Ho seguito un flusso, negli ultimi anni ho ascoltato musica neoclassica, per farti alcuni nomi: una pianista polacca che mi piace tantissimo che si chiama Hania Rani, e mi sono innamorato di un musicista che si chiama Ry X che fa un genere molto intimo, usando l’elettronica. Da questi ascolti è riemerso qualcosa che ho sempre avuto cioè la curiosità per i suoni e così ho voluto fare una cosa diversa, ho seguito il mio istinto e l’ho assecondato.
Com’è stato lavorare con il produttore Renato D’Amico, mi sembrate molto diversi
Ho conosciuto Renato grazie ai ragazzi di A Buzz Supreme che hanno avuto l’intuizione di presentarmelo. Renato è una persona che ha molta passione nel suo lavoro, ha ascoltato le mie cose e gli è piaciuto quello che faccio, nonostante la differenza di età. Mi ha detto poi successivamente che lo ha colpito la maturità dei testi, era molto incuriosito. Quando l’ho consciuto ho capito che è un fuori classe, molto maturo, determinato e competente, di testa dimostra almeno 40 anni.
Per la canzone “Alina” è uscito un video molto bello, che se non sbaglio è realizzato con l’intelligenza artificiale
Ho realizzato io anche il video, ho voluto cimentarmi con questa nuova tecnologia che abbiamo a disposizione.

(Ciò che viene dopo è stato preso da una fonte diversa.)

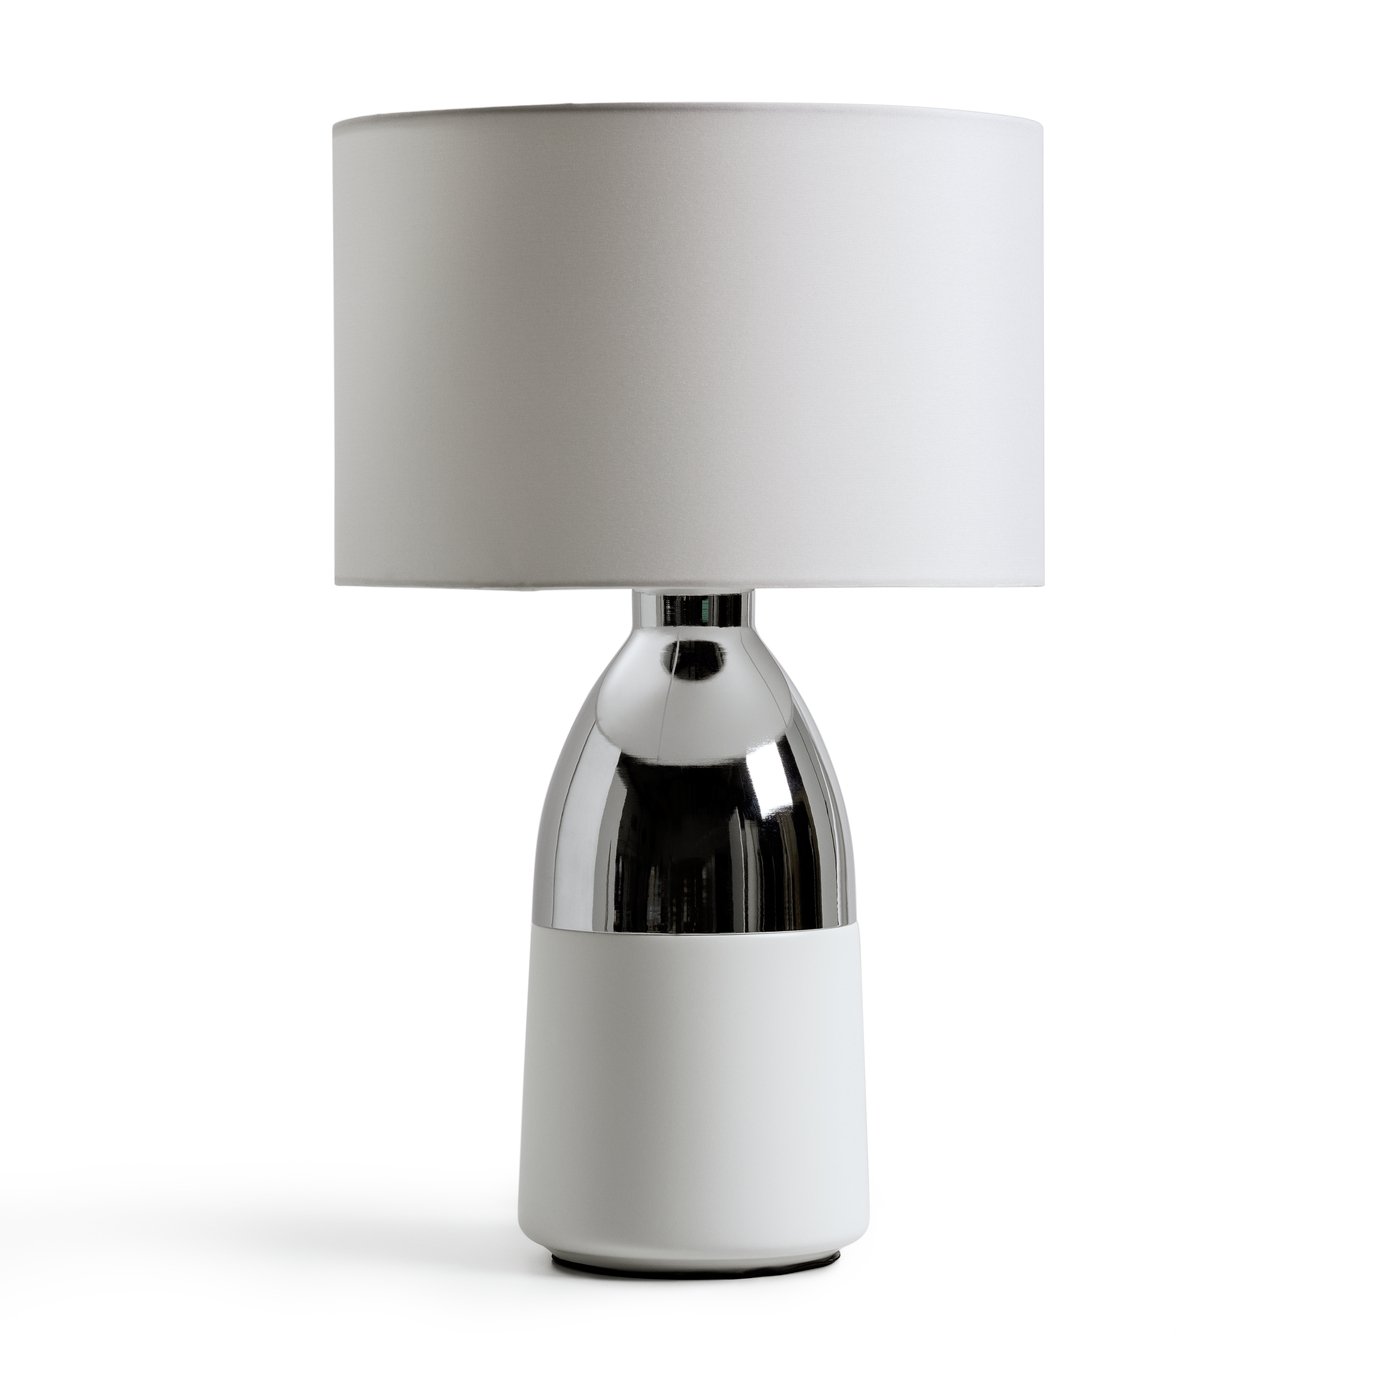 Chrome & White Argos Home Duno Touch Table Lamp

Non è così immediato come si pensa, ci sono molti passaggi per arrivare a quel risultato. È come realizzare un video normale l’unica cosa che cambia è che al posto di un illustratore in carne e ossa c’è una macchina ma sei sempre te a prendere tutte le decisioni e montare manualmente le immagini.

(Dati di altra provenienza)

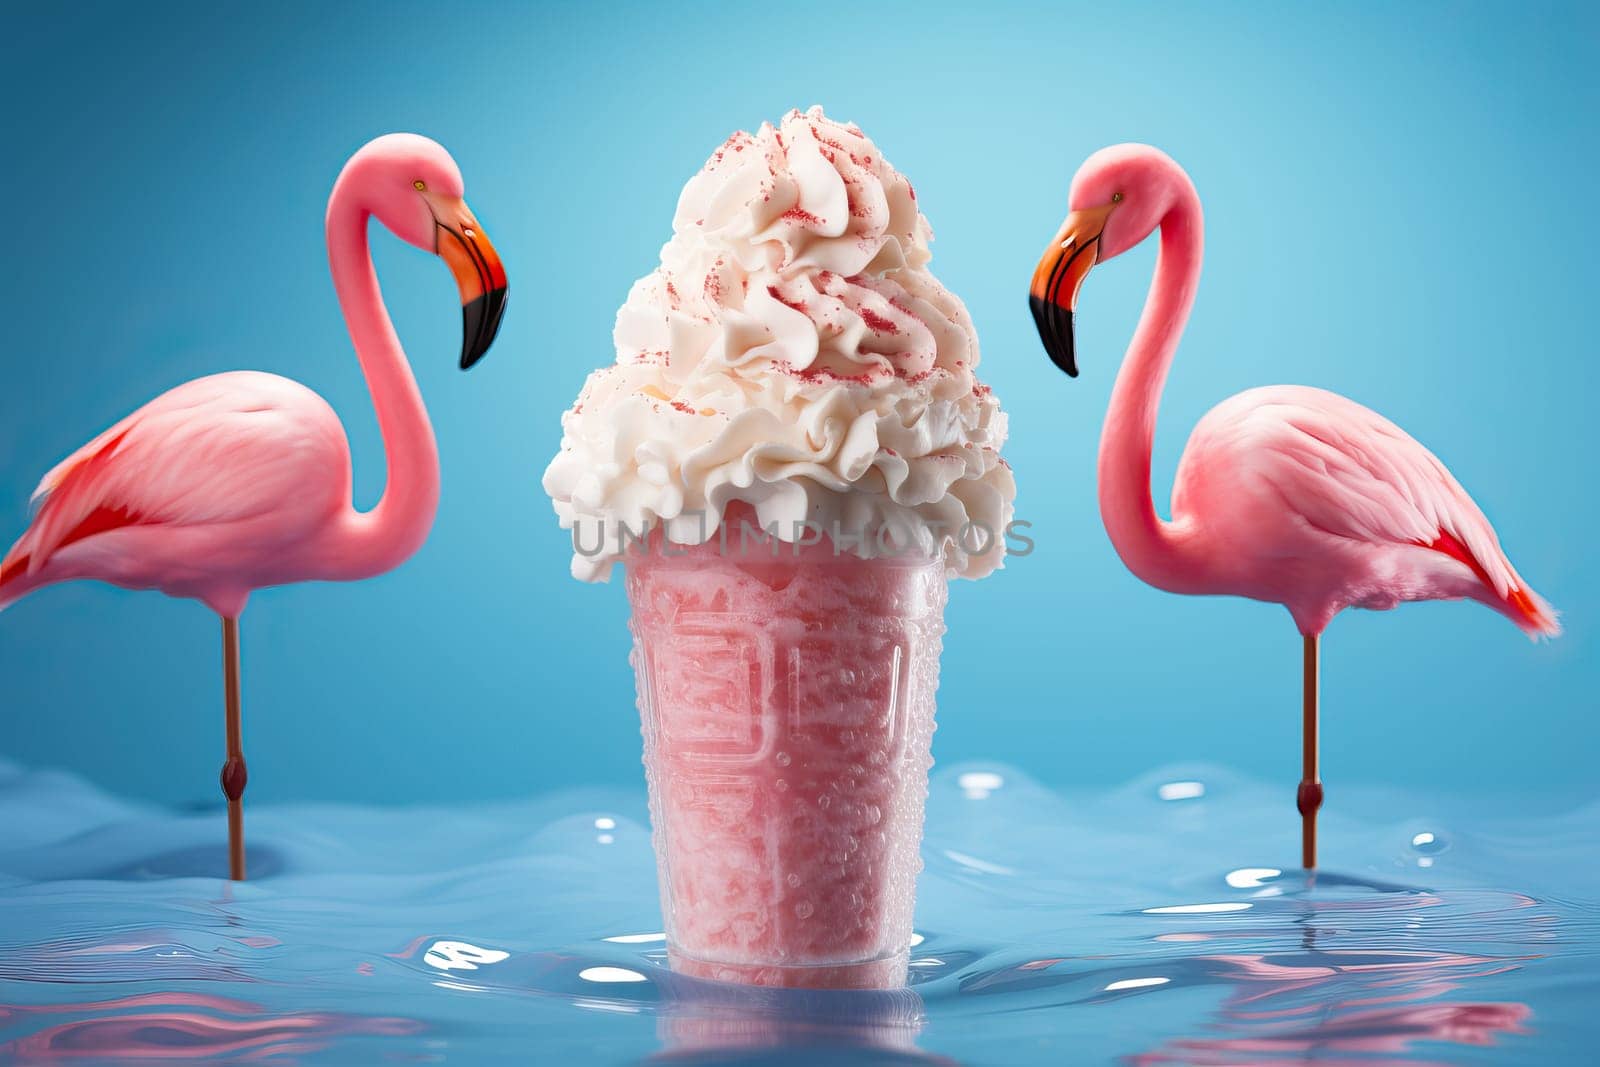 Flamingos and ice cream in the water. by Niko_Cingaryuk

I tuoi dischi sono sempre catartici, ci metti dentro tutto te stesso, i tuoi processi mentali e non solo. Hai scoperto qualcosa su di te mentre realizzavi “Absentia Essentia”?
Il processo creativo ti fa sempre scoprire cose nuove, ci sono tanti input-output con la mia vita. Negli ultimi anni mi sono avvicinato alla meditazione, alla ricerca di me stesso. Alla fine di ogni lavoro quello che mi rende felice è il fatto che ancora una volta nonostante tutto sono riuscito a rimanere curioso, per me è questo che conta.

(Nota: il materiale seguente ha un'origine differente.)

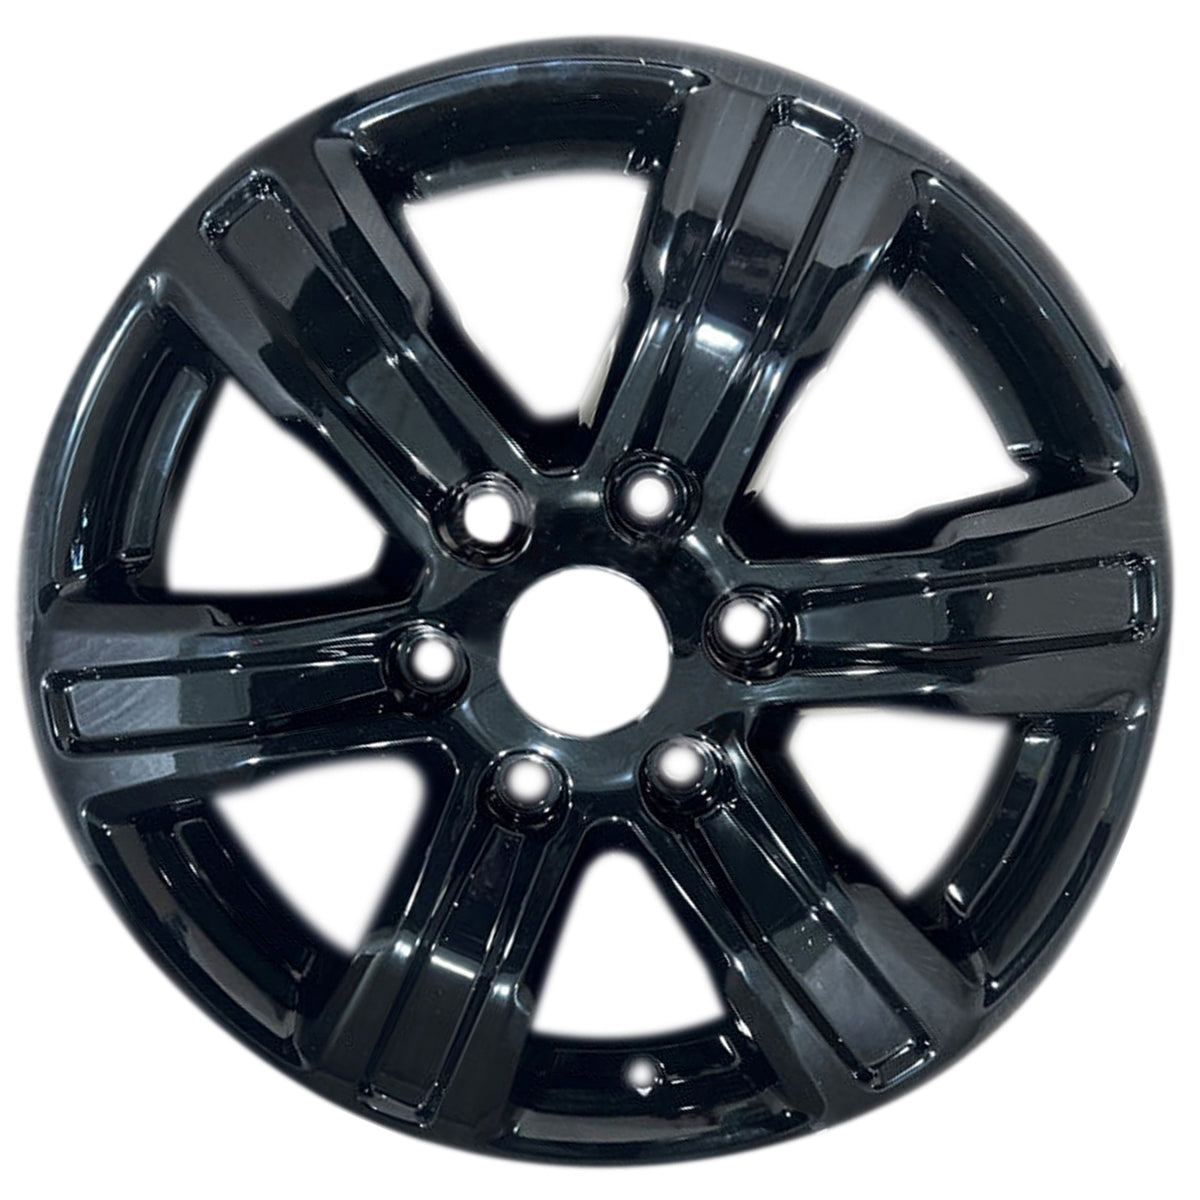 2019 Ford Ranger 17" OEM Wheel Rim Black W10228B

Cosa pensi che arriverà all’ascoltatore quando premerà “play” per ascoltare Absentia Essentia?
Non lo so, spero di regalare un’emozione, penso che sia l’obiettivo di ogni artista. Che sia gioia, nostalgia, tristezza questo non lo decido io.
Ultima domanda: che cos’è per te la musica?
Per me la musica è un bisogno del quale non mi so spiegare il motivo, è una catarsi, un processo di auto-analisi. Non riesco a prendere la musica dal punto di vista ludico, non amo la musica fine al divertimento, per me è un’arte talmente importante che deve avere un senso più alto.